I fail to see why everybody thinks that something is erased in the famous Delayed Choice Quantum Eraser experiment (see https://arxiv.org/pdf/quant-ph/9903047.pdf and https://en.wikipedia.org/wiki/Delayed-choice_quantum_eraser).
According the paper, the interference patterns that arrive at D1 and D2 are shifted by pi. That is, if you add the interference patterns together, the pattern is the same as the pattern for detectors D3 and D4. Therefore, if you look only at D0, then no interference pattern is visible, not for the photons whose peer arrive at D3 and D4, but also not for the photons whose peer arrive at D1 or D2. This is different from the normal double slit experiment.
Therefore, isn't it equally valid to say that the interference is always there, also for the photons that arrive at D3 or D4? We just don't detect it in that case, because we only look at only one of the possible paths and don't combine them together.
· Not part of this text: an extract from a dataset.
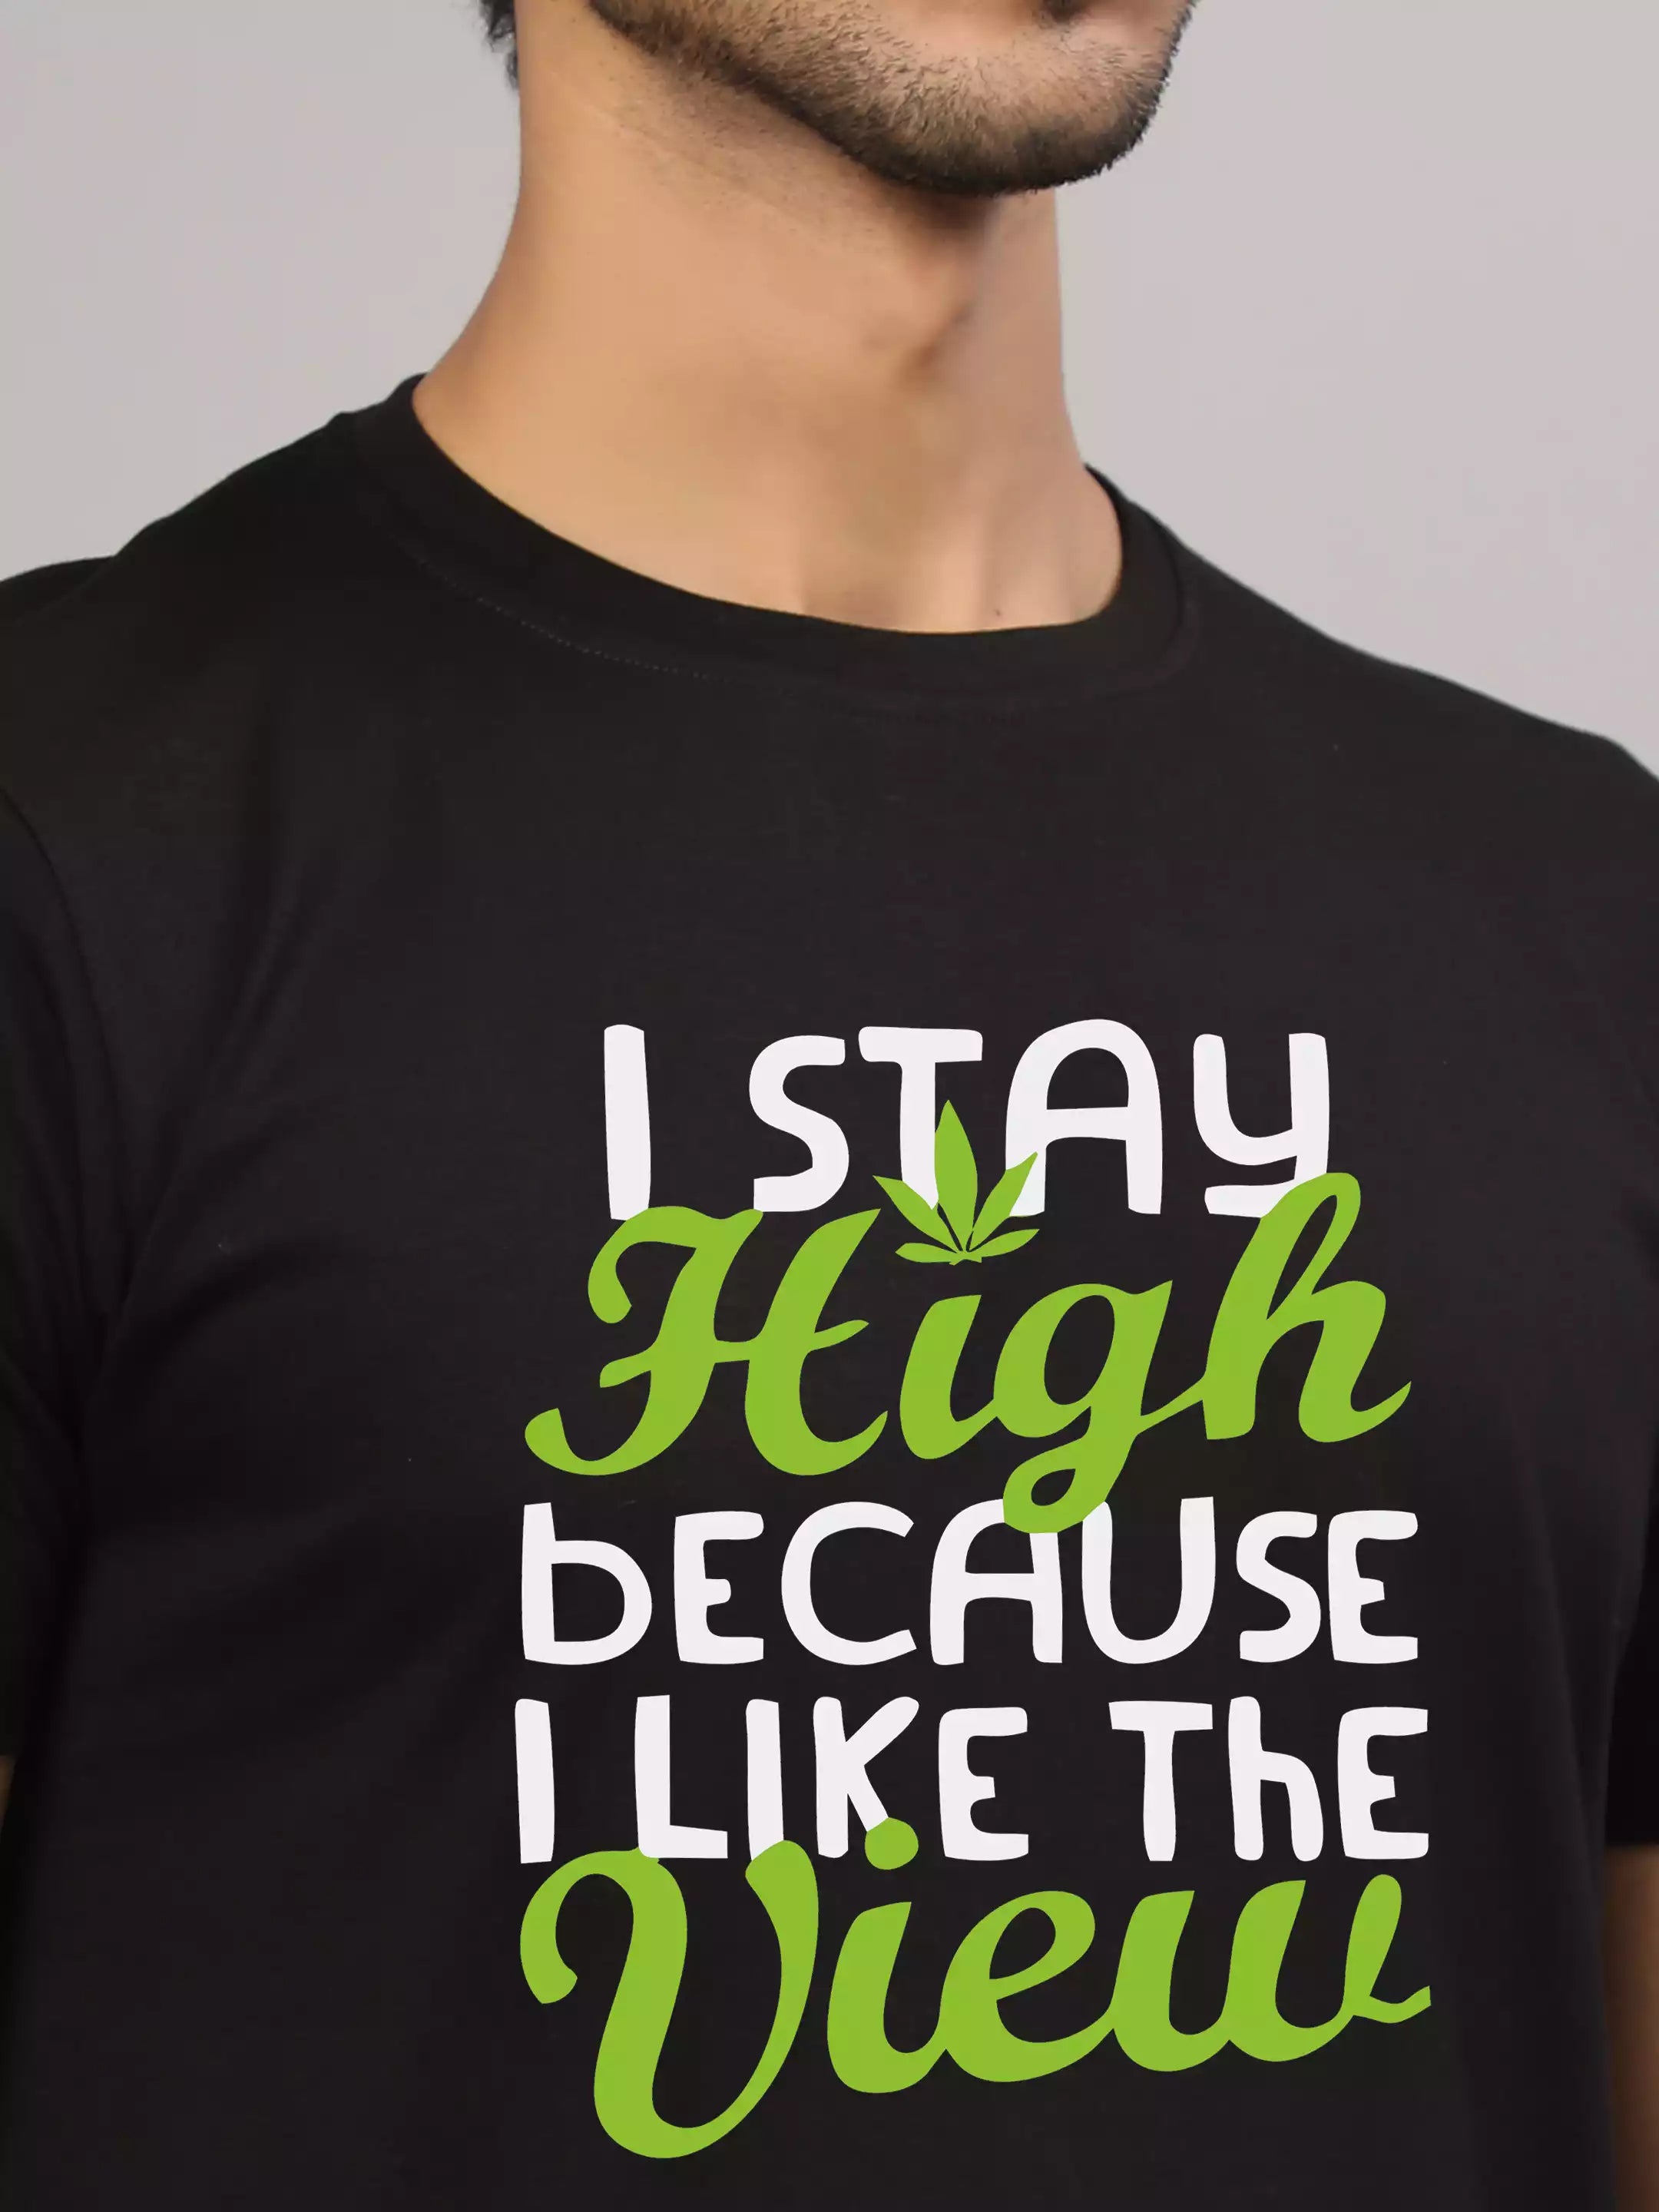 I stay high - Sukhiaatma Unisex Graphic Printed Black T-shirt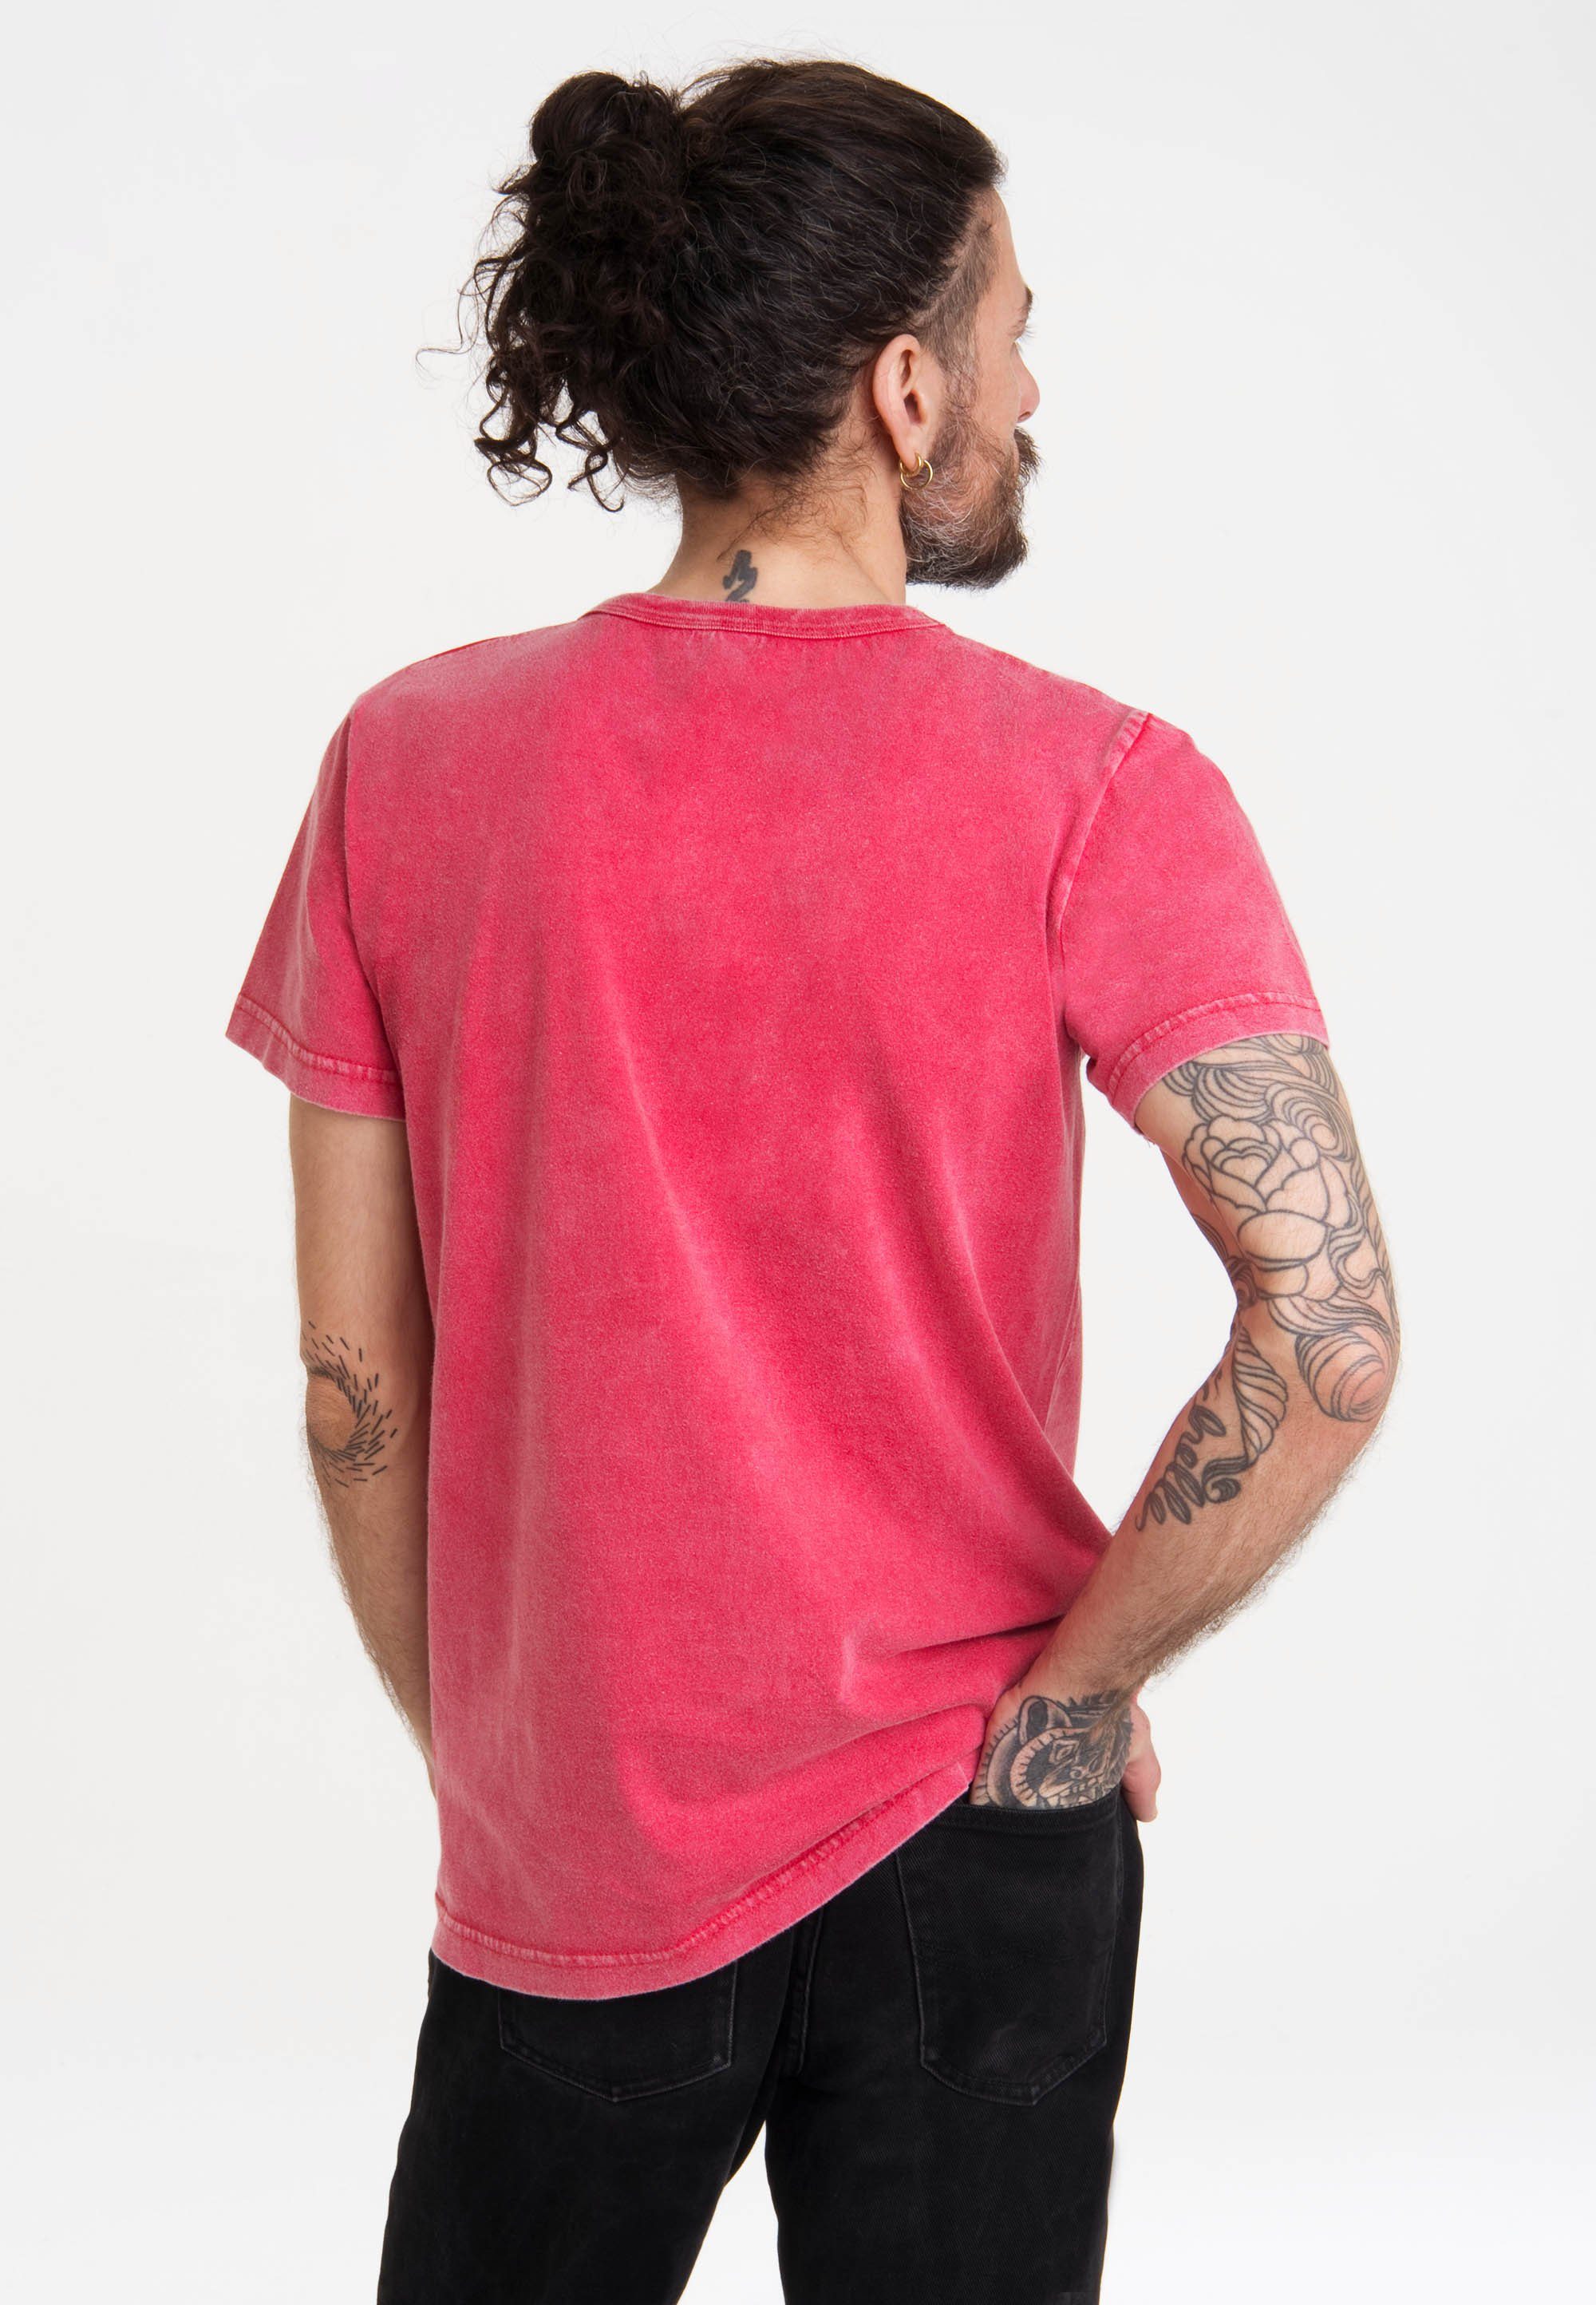 T-Shirt Speedy rot Print mit Gonzales LOGOSHIRT Looney - Tunes lizenziertem

It is the beamsplitter BSc for D1 and D2 which makes the interference pattern visible. That is, no information is erased, and there is no need to transfer information from D1/2/3/4 to D0.
Edit: expressed in a different way: if I would remove the D3/D4 mirrors, and let all photons go through to D1/D2, it would clearly show that there is an interference pattern in D0 for all photons. Setting back the D3/D4 mirrors, redirecting 50% of the photons, would change nothing at the D0 side; the photons would still hit at exactly the same place at D0 as before. That is, the interference pattern would still be there, we just would not have enough information to detect it afterwards.
What is wrong with this interpretation of the results? And if this interpretation can be valid, why is this such a controversial experiment?